Lennie...good reading again, what nostalgia... did you do the snail picking yet?? push on chef....!

Boo said...

You did so well to go back. 6 weeks, surely that's not possible? I'm really enjoying reading your updates.

Kate said...

It sounds horrendous. I'm much more of a traditional country pub grub sort of person - does any of this excruciating preparation actually make the food taste any better, or is it just another example of style over content?

Lennie Nash said...

Hi Lizz,

It is a bit cathartic looking back on it all. Thanks for the comment - you've just given me an idea for the next post.

Cheers

Lennie

Lennie Nash said...

Hi Damien, thanks for the feedback!

Eatmynels - no snail picking yet, the dreaded pistachio and pigeon night to come...

Lennie

Lennie Nash said...

Dear Boo - six weeks without money was a crazy idea looking back on it all now. Amazing how many far more dedicated chefs spend all their holiday time and meagre savings doing placements around the world - as if the job isn't hard enough anyway!

Lennie

Lennie Nash said...

Hi there Kate,

Me too! When country pub is at its best, there is no finer thing. Much more fun than sniffy high-class restaurants where the waiters make you feel like heathens - for my money anyway.
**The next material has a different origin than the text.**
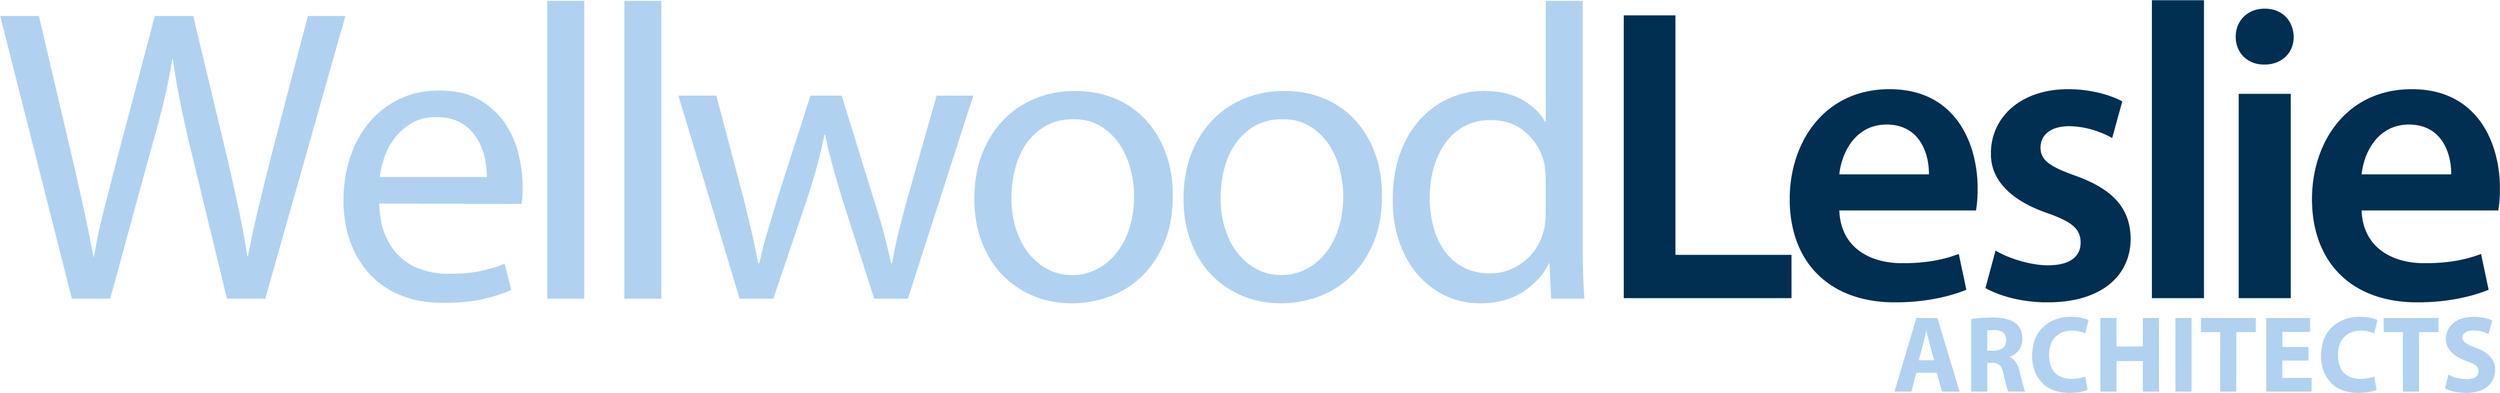 Wellwood_Leslie_Logo_190612.png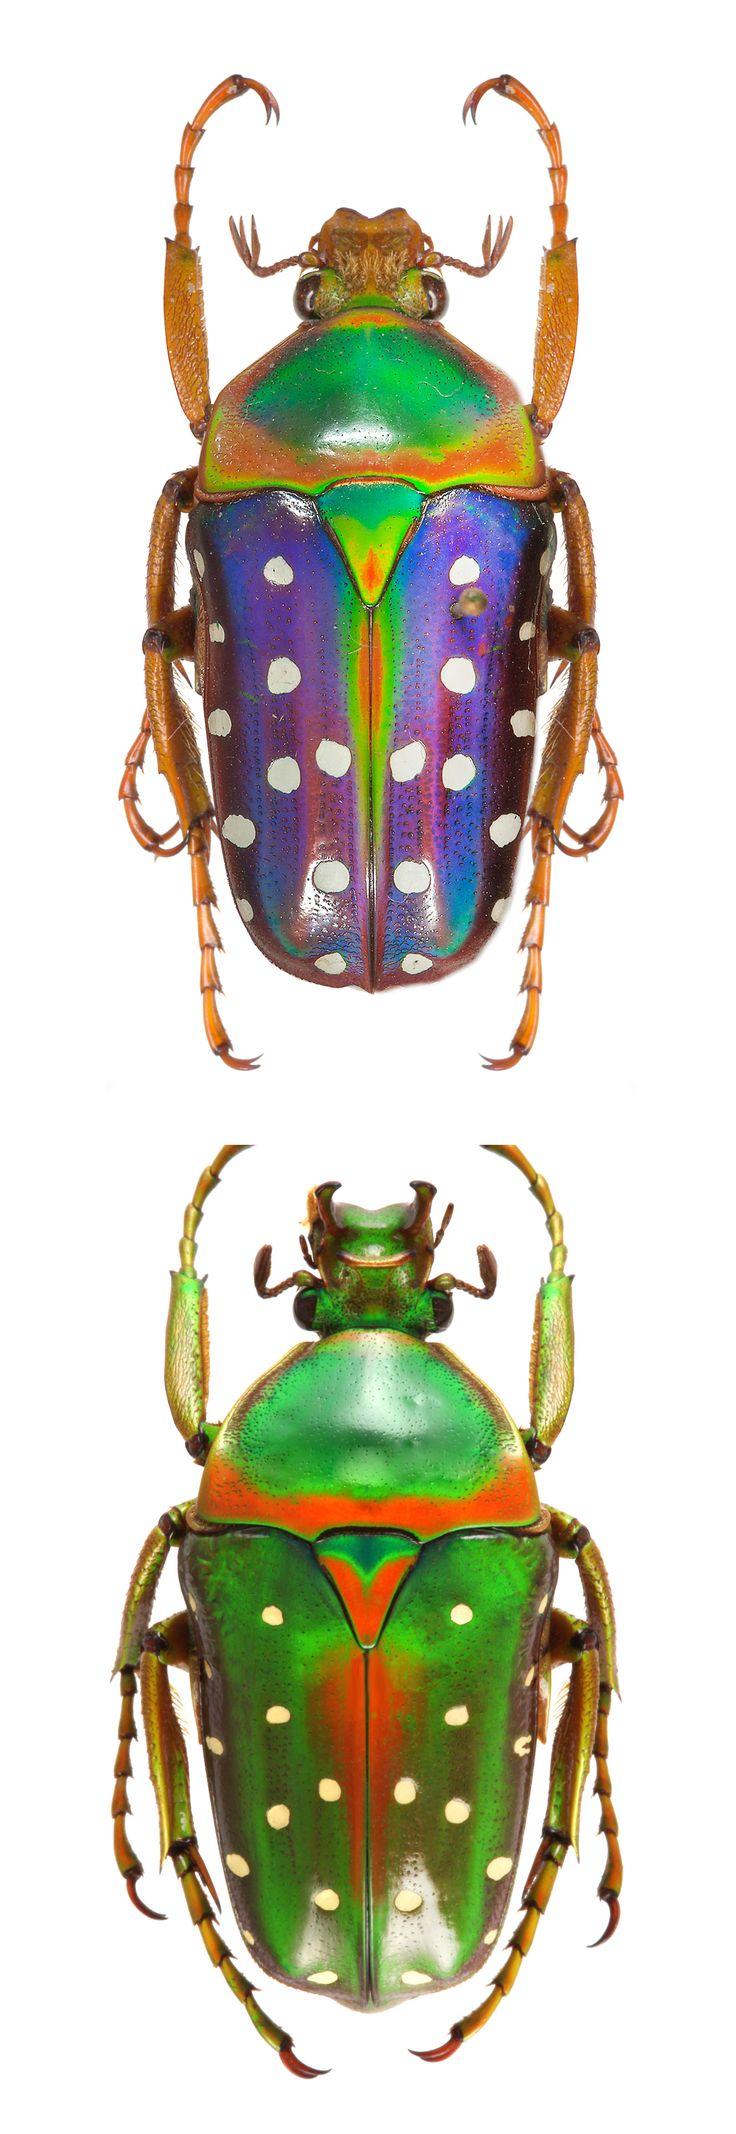 Stephanorrhina buttata - spotted flower beetle - CETONIIDAE -

Not sure if the blood, sweat and tears make that much difference to the food - but it certainly seems to impress the Michelin boys.

Lennie

Melinda said...

Oh Lennie, you whinging pom, hang in there!
(don't worry, I wouldn't have lasted a day there! I probably would have gone run over on the blind bend or staged it so!)

MsMarmitelover said...

Your comment "Amazing how many far more dedicated chefs spend all their holiday time and meagre savings doing placements around the world - as if the job isn't hard enough anyway!" rang true.
Maybe it's because it's hard to feel like what you cook is good enough?
Since starting The Underground Restaurant I'm always tired...
The chef for Vinoteca came one night. His eyes were red raw. I so recognised that look of exhaustion.

jeff said...

I staged here and really agree with your comments , donkey work for sure but at this level you do start at the bottom but this is soul destroying in the prep house ,so repetitive and with the hours I worked it was only a matter of time before I burned out .
Not sure if Heston is aware of the symptoms of burnout but he should take a look at his chef de parties ,they all suffer from it ,doing the same old thing everyday ,the menu never changes its BORING Heston ,have some balls to change it at least 4 times a year like every other restauant ,the cooking is not seasonal at all here, did anybody come across the pastry chef jocky , the guy is a mess and a bully for that matter, and the sous chef graham ,what a serious case of small man syndrome .

hamishwm said...

Lennie
Interesting blog. Sounds like you are having fun uncovering the real deal in some smart kitchens. Is the pain worth it?
Hamish

Anonymous said...

I have worked at The Fat Duck and other michelin starred restaurants for 2years at the Duck .
You people are dreamers ,you like to talk shit about people working at this level because you cannot do it simple as.
Pub food can only be considered better than a 3 star restaurant if you are simple minded which you people are , just because you over use metaphors does not make you smart .
Bottom line top chefs are GRAFTERS ,the rest of you are dreamers !

fresolbe said...

I was a stagier at the fat duck for three months. I had a great time. If you thought you would come in and run service clearly you were mistaking, ofcourse there is alot of mundane tasks but seeing one microscopic part that you have made go out on a plate in one of the worlds best restaurants was worth it in my book. The thing about the fat duck is...if you put in the elbowgrease and do your work, the staff will show you everything and take time to explain it too you. I learned alot. Ofcourse the long days are grueling but you are cooking in one of the worlds best kitchens. I have never work with such a dedicated team before or after, 16 houres in to a shift and the order comes too do a full scrubdown of the cookingrange ....not one complaint or souer face just one mor houer of hard work and we all had a beer on the house. Thats Dedicated.